Voltage divider output voltage

[PNeil]

Hello forum, I need to step down 24 volt DC to 3.2 volt to drive a bicyle LED tail light. Current drawn from light is 19ma which should be 169 ohms at 3.2 volts. Voltage is supplied from two 12v battries. When fully charged voltage is around 27v so i will design for that voltage.

Making R1 5k and R2 670 should get me 3.2 volt at the junction. When factor in the 169 ohm resistance of the load, the output voltage will drop to 709.6mv due to R2 and the load now in parrallel.

My question is should i design the circuit to output 3.2 volt while the load is connected or 3.2 volt with no load connected.

Chaning R1 to 1k should give me 3.2v when the load is connected but 10.8v when no load is connected.

When i experiment with dry cell battries almost no voltage is lost when the load is connected. Now i curious to know why.

 

[alec_t]

One resistor is all that's needed.

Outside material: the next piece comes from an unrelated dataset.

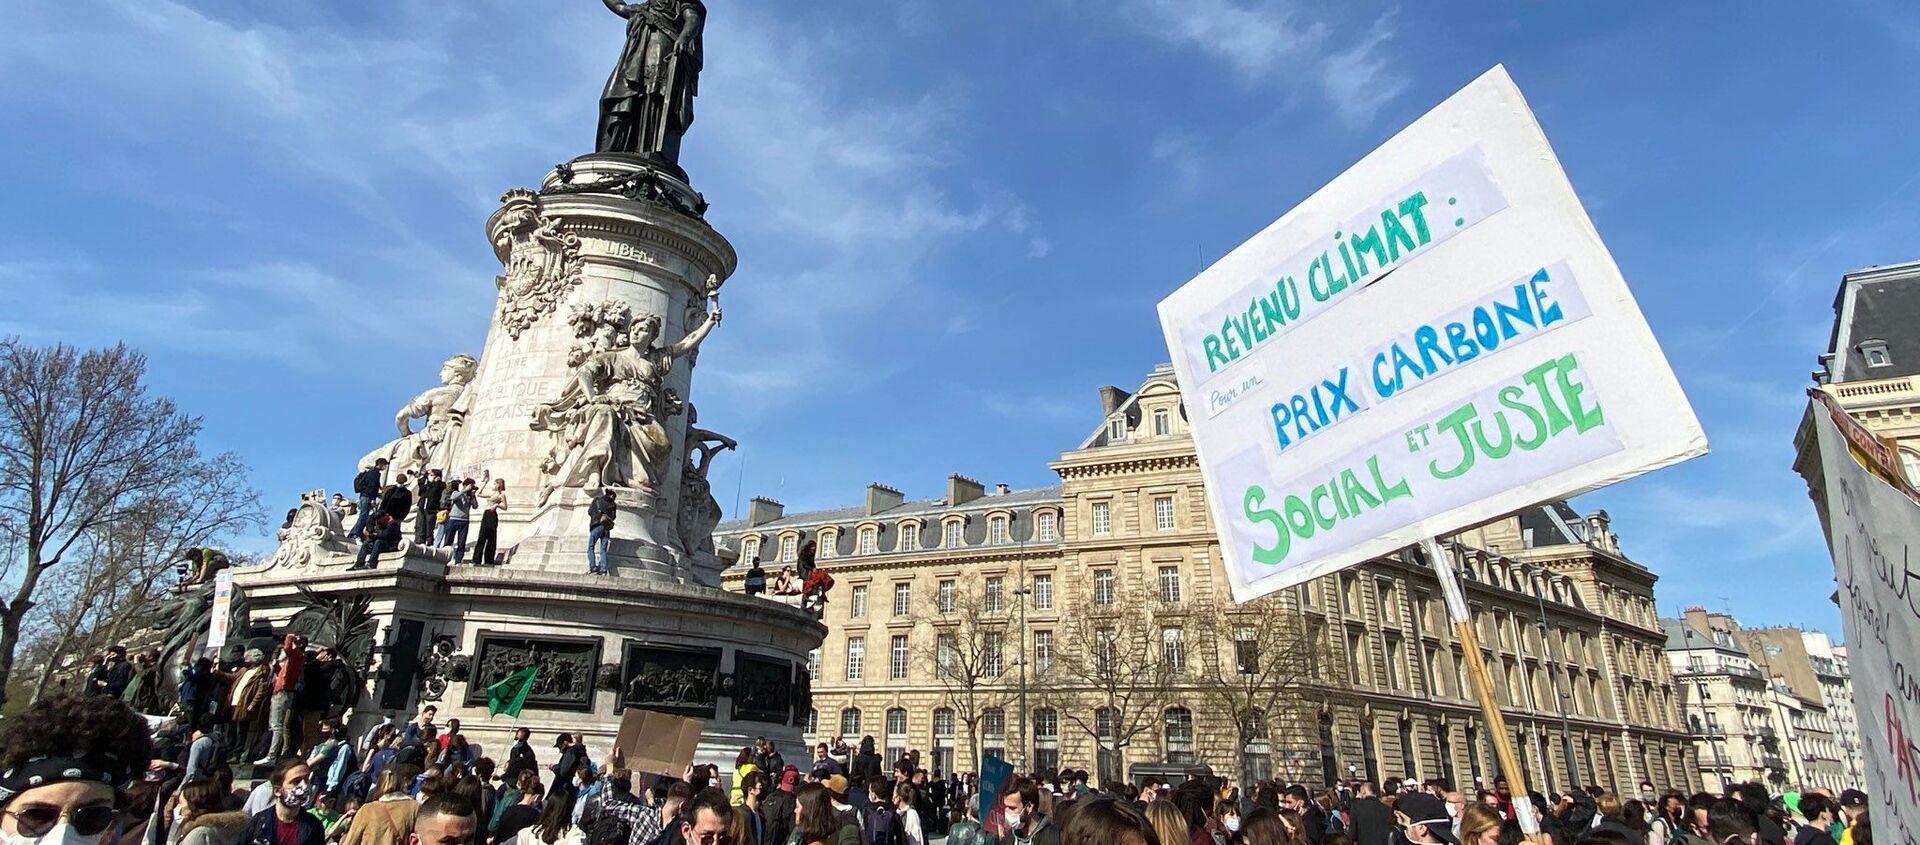 Mobilisation écologiste à Paris: marche pour une «vraie» loi Climat, 28 mars 2021 - Sputnik France, 1920, 20.07.2021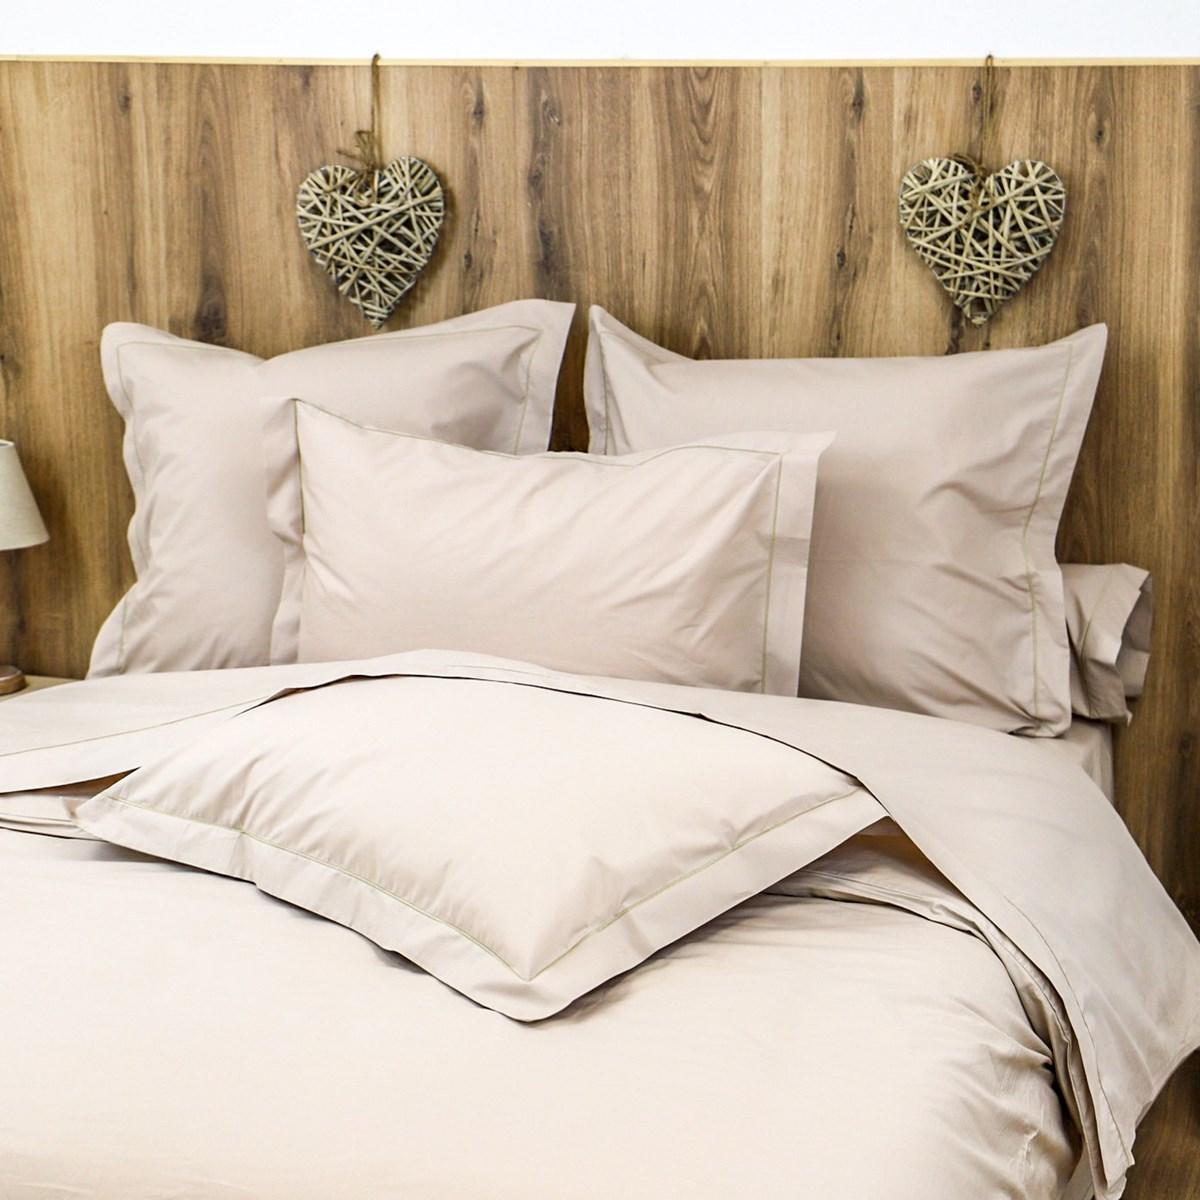 Parure drap plat et taies en percale de coton beige foncé 270x290 cm

Taking 3V as the LED forward voltage, the voltage drop is 24-3=21V. At 19mA current the resistor value will be 21/19 kOhms = 1.2k (nearest standard value). It will dissipate 21 x 19 = 400mW, so use a 1W rated resistor.

 

[PNeil]

Thank you very much. I was wondering if i could use 1 resistor in series but thought i didn't know the forward voltage and forward current for the LED to make the calculation. R=(vs - vf) / lf. Thanks for letting me know that the voltage required to operate the light is the forward voltage (vf) and the current drawn by the light is the forward current. (lf). After drawing the circuit everything you said become clear.

I will experiment with 27 volts as Vs because when those batteries are charged the voltage is around 27.0v. In that case R should be 1263, i think the closest value is still 1.2k. Real componet will need adjustment anyway...

 

[alec_t]

Real componet will need adjustment anyway...

I don't see why. If the LED forward voltage is anywhere from 1V to 4V the voltage drop across the resistor is going to be 26V to 23V (assuming a 27V battery). That's only about 12% difference; which won't produce an observable LED brightness change or significant power dissipation change.

 

[audioguru]

An LED does not work from a voltage like a light bulb. A light bulb is a simple resistive piece of white hot wire. But an LED is a diode that sets its own voltage (its forward voltage) and works with the amount of current you feed it. A single series resistor sets the amount of current.

 

[Nigel Goodwin]

Thank you very much. I was wondering if i could use 1 resistor in series but thought i didn't know the forward voltage and forward current for the LED to make the calculation. R=(vs - vf) / lf. Thanks for letting me know that the voltage required to operate the light is the forward voltage (vf) and the current drawn by the light is the forward current. (lf). After drawing the circuit everything you said become clear.

I will experiment with 27 volts as Vs because when those batteries are charged the voltage is around 27.0v. In that case R should be 1263, i think the closest value is still 1.2k. Real componet will need adjustment anyway...

You should design based on 24V, the rated voltage - the difference when fully charged is insignificant.

However, it's a really, really poor way to feed an LED from such a high voltage (very wasteful - only about 10% efficient) - why do you have two 12V batteries in series?.